Er führet mich auf rechter Strasse um seines Namens willen. (Psalm 23,3)
Menschen, die einen Sinn für Sprachbilder haben und die das Göttliche gern im Weltlichen finden, reden manchmal von den «Spuren Gottes», die sie in, um und zwischen uns finden oder zu finden hoffen.
Diesen Spuren zu begegnen und sie zu lesen, verbinden sie mit Gefühlen der Ehrfurcht, des Staunens, vielleicht auch mit dem Glauben an eine weiter nicht beschreibbare «höhere Macht», deren Eindruck sie im Schönen, Guten und Wahren finden, das uns umgibt und erfüllt. In der Hohlform, der Matrix dieser Spuren ahnen wir das Göttliche, das sie geprägt hat.
Diese romantische Sicht auf die Welt kann uns trösten und tragen. Sie kann aber auch in Sentimentalität und trügerischen Kitsch münden. In der Bibel kommt das Bild der «Spur» vielleicht aus diesem Grund so nicht vor. Was uns dort an Spuren begegnet, ist die Wagenspur, der Eindruck, den ein Rad im weichen Boden hinterlässt. Sie verläuft klar, gerichtet und geradlinig und verbindet sich deshalb mit der Welt des Rechts, der Berechenbarkeit und der Gerechtigkeit.
Die «rechte Strasse», die Luther im Psalm vom guten Hirten gefunden hat, ist eigentlich die gerade Bahn des Rechts und des Verzichts auf Trug und Gewalt.
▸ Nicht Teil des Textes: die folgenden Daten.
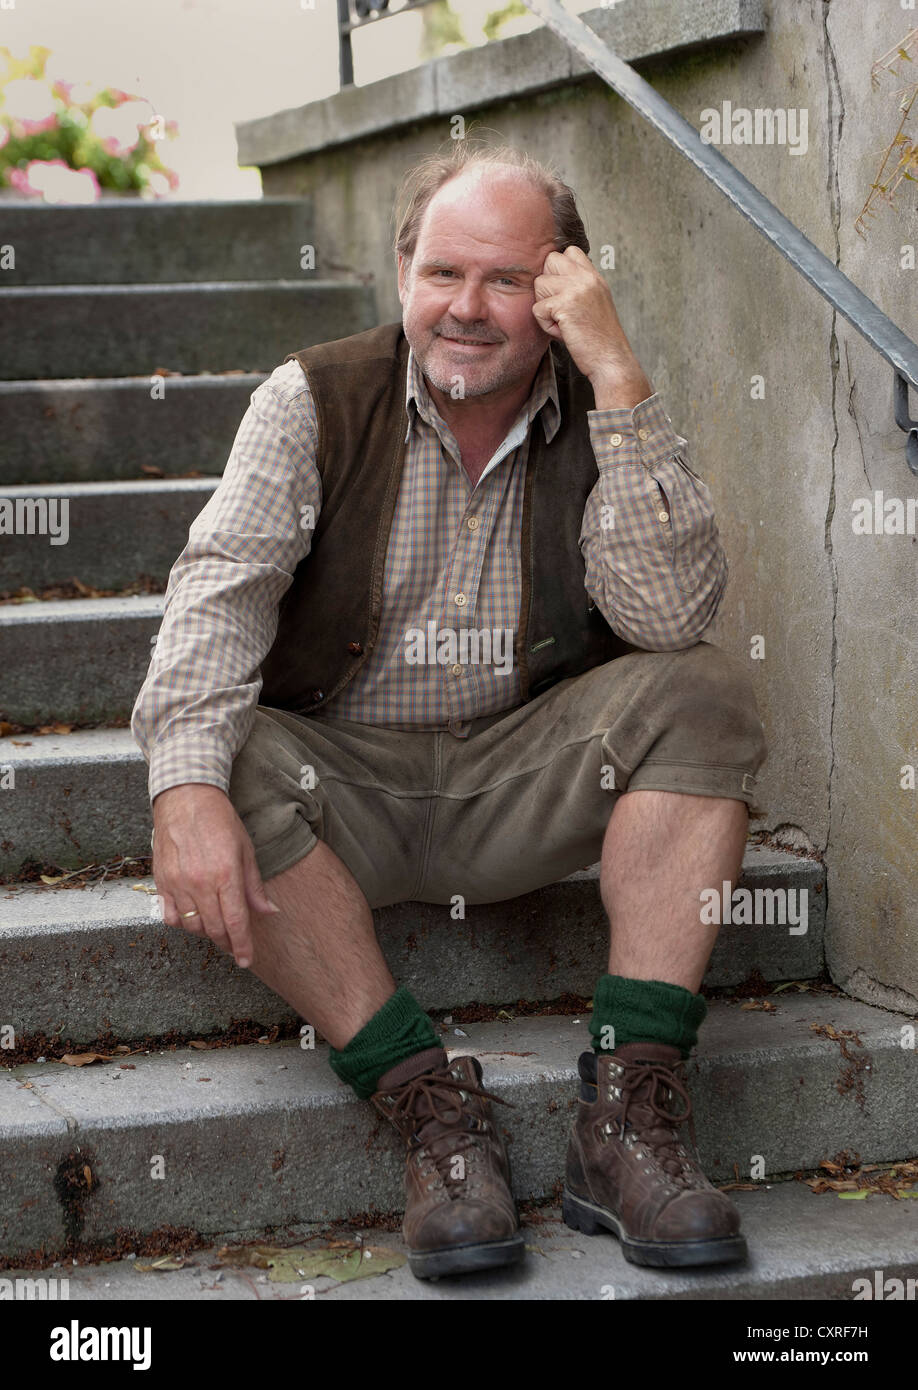 ActorAugust Schmoelzer at a photo call, filming the TV movie 'Die Landaerztin' or The Country Doctor in , Upper Austria, Austria Stock Photo
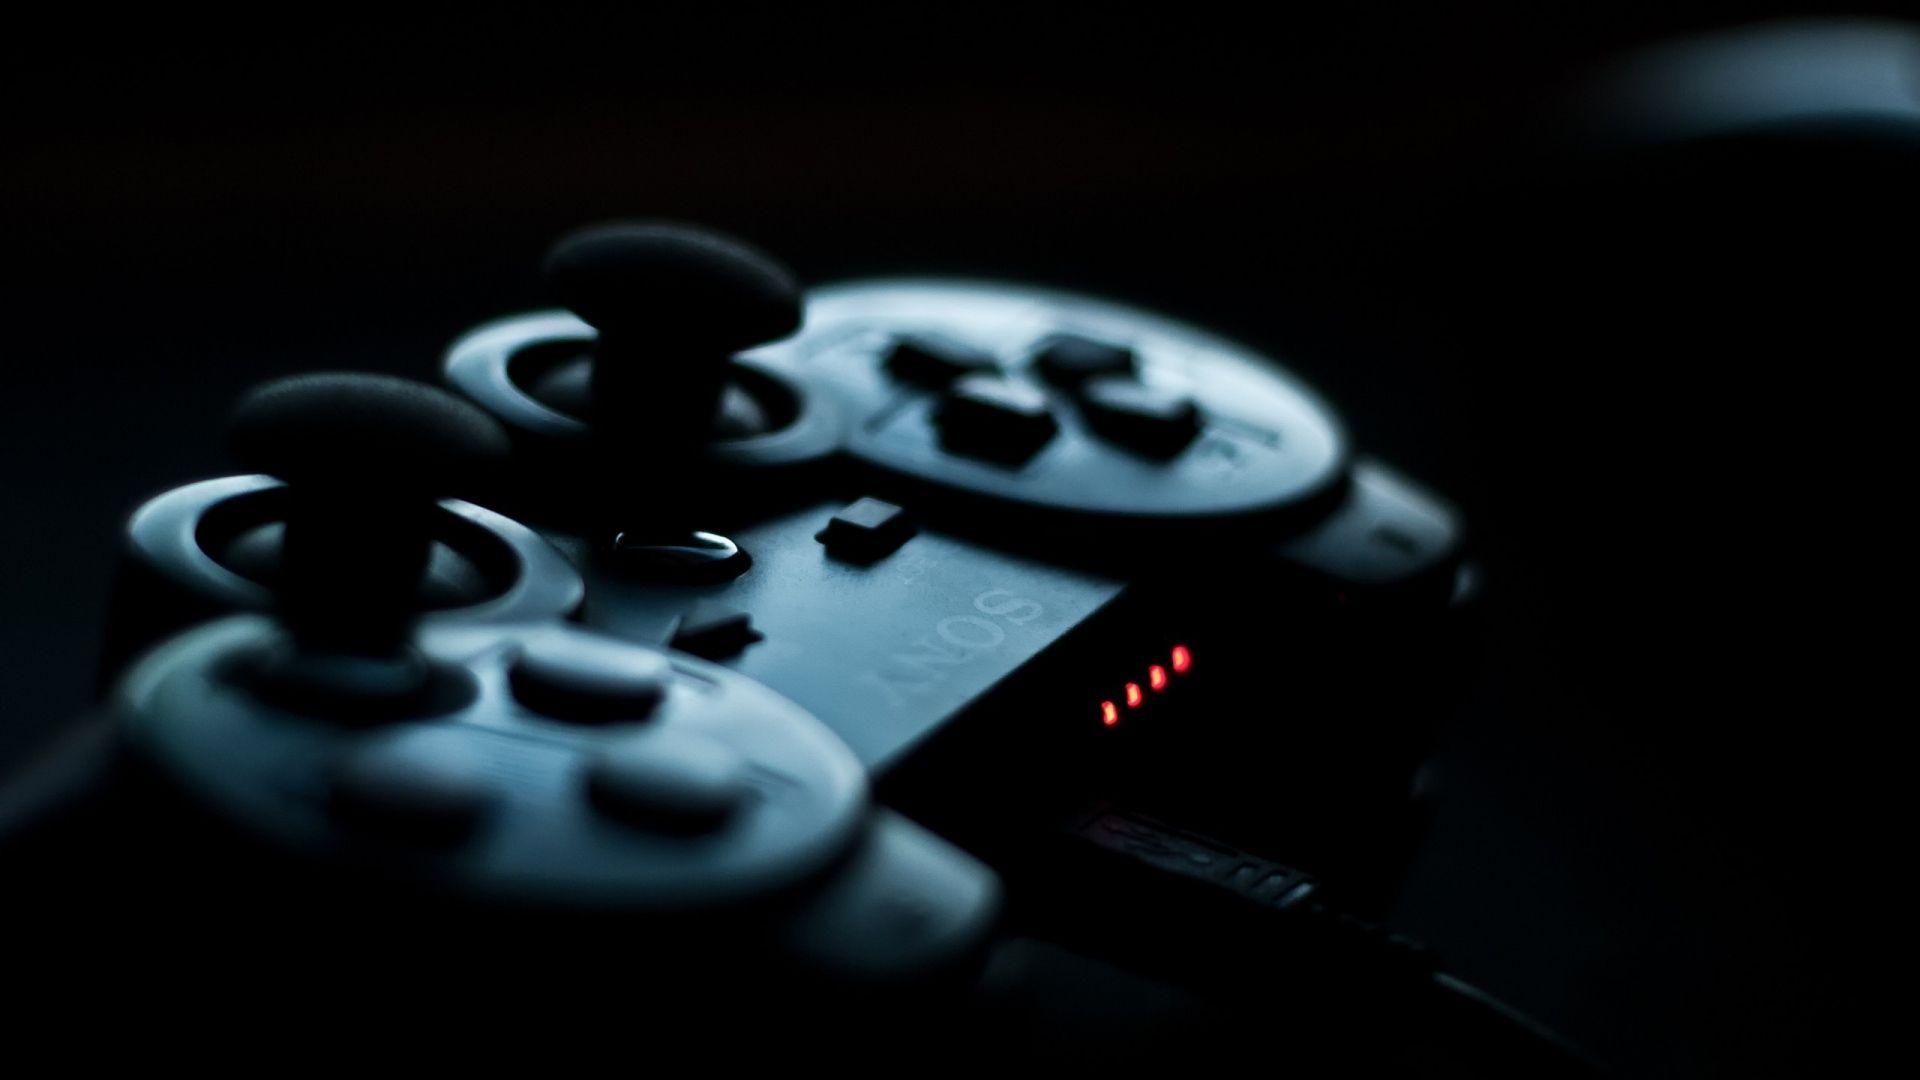 Download Wallpaper 1920x1080 joystick, sony, playstation, game Full

Wer auf diese Weise geradlinig durchs Leben geht, folgt der göttlichen Spur: Du bahnst gerade die Spur der Gerechten, wie es beim Propheten Jesaja heisst. Das geht ganz ohne grosse Gefühle. Und es geht natürlich auch mit ihnen.
Lass uns ein neues Licht aufgehen, / zeig uns der Wahrheit Spur,
sprich, Herr, in Kraft und lass erstehen / die neue Kreatur.